La posta in gioco è alta: non solo per le nazioni direttamente coinvolte, nel Mar Rosso e nel Mediterraneo, ma per l’intero equilibrio geoeconomico mondiale. E se il “Mare Nostrum” contasse di meno, i primi a rimetterci saremmo noi italiani
di Paolo Giordani – Presidente Istituto Diplomatico Internazionale
A sei mesi dall’inizio del conflitto a Gaza, le ripercussioni economiche globali sembrano contenute, con il mercato del petrolio stranamente immune dai sobbalzi che di solito accompagnano le crisi mediorientali. Tuttavia, la quiete del mercato non deve ingannare: le tensioni geopolitiche potrebbero presto esplodere in un conflitto di più ampia portata.
Da novembre, i ribelli yementi Houthi, attori non statali e membri dell’Asse di resistenza, hanno intensificato gli attacchi con missili e droni contro i mercantili in transito nel Mar Rosso. Questa rotta vitale collega l’Europa all’Asia, passando per il Canale di Suez e Bab al-Mandeb, ed è responsabile per il 12% del commercio globale, il 40% degli scambi tra Europa e Asia, il 30% delle spedizioni globali di container, il 12% del petrolio e l’1,8% del GNL mondiali. La gravità di questi attacchi è stata tale che persino colossi industriali, come Tesla, hanno dovuto interrompere la produzione, un fenomeno non visto dalla crisi del Covid-19. Sorprendentemente, l’inflazione non ha subito gli impatti temuti, in parte grazie alla capacità del settore marittimo, che si trova in un periodo di sovraccapacità, di assorbire lo shock. Tuttavia, per i porti mediterranei, inclusi quelli italiani, si è tradotto in una riduzione del 20% degli attracchi.

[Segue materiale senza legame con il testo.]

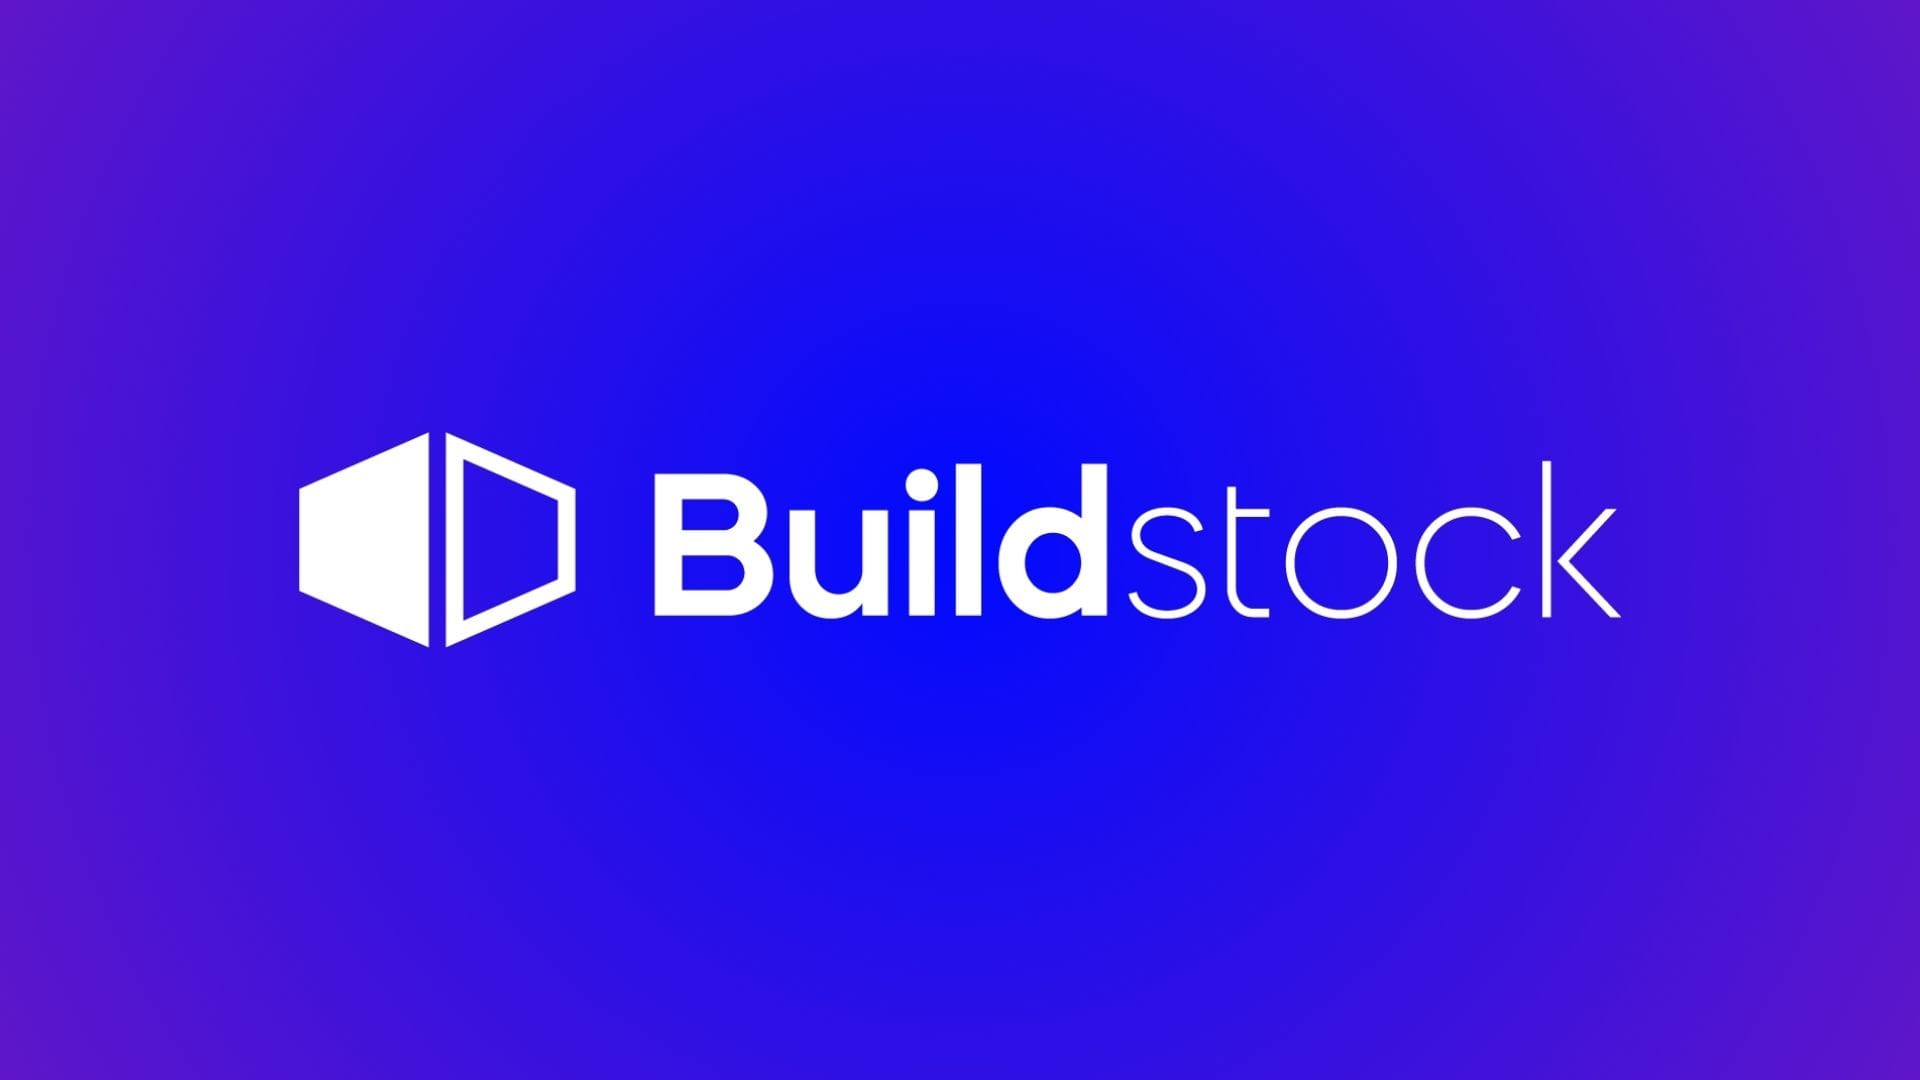 Buildstock Raises $1.6M Funding For AI-Driven Construction Marketplace

Le missioni navali occidentali, la Prosperity Guardian (anglo-americana) e Aspides (europea) sono state schierate per difendere la libertà di navigazione e pur avendo ottenuto alcuni successi, non garantiscono un traffico marittimo indisturbato. Nonostante ciò, gli attacchi persistono e più della metà del traffico marittimo continua a evitare il Mar Rosso, con perdite significative per l’Egitto, che ricava il 2% del suo PIL dai diritti di passaggio nel Canale di Suez. Resta incerto se le missioni saranno in grado di ripristinare la normalità o se sarà necessario un dispiegamento militare più massiccio, una soluzione forse insostenibile per l’Europa e i paesi rivieraschi nel lungo termine.
L’escalation del conflitto, con un coinvolgimento diretto dell’Iran, potrebbe infiammare ulteriormente la situazione nel Mar Rosso. Gli Houthi, rafforzatisi durante dieci anni di guerra civile in Yemen, sono pronti a intervenire massicciamente a fianco della Repubblica Islamica e non saranno facilmente neutralizzati da azioni militari sporadiche.
Di fronte a questo scenario, la necessità di una de-escalation a Gaza e di una stabilità regionale è più urgente che mai. È fondamentale che l’Europa si faccia promotrice di un impegno diplomatico ed economico volto a ristabilire la pace e a garantire una sicurezza duratura. Da questo punto di vista è significativa l’adesione dell’Ue, come “osservatore”, al Codice di condotta di Gibuti e all’Emendamento di Gedda, sottoscritto nel 2017 da 17 Stati dell’Oceano Indiano nordoccidentale per promuovere la cooperazione regionale e rafforzare la capacità dei firmatari di contrastare le crescenti minacce alla sicurezza marittima nel Golfo di Aden e nel Mar Rosso. L’adesione è stata annunciata lunedì 22 aprile. La posta in gioco è alta: non solo per le nazioni direttamente coinvolte, nel Mar Rosso e nel Mediterraneo, ma per l’intero equilibrio geoeconomico mondiale. E se il “Mare Nostrum” contasse di meno, i primi a rimetterci saremmo noi italiani.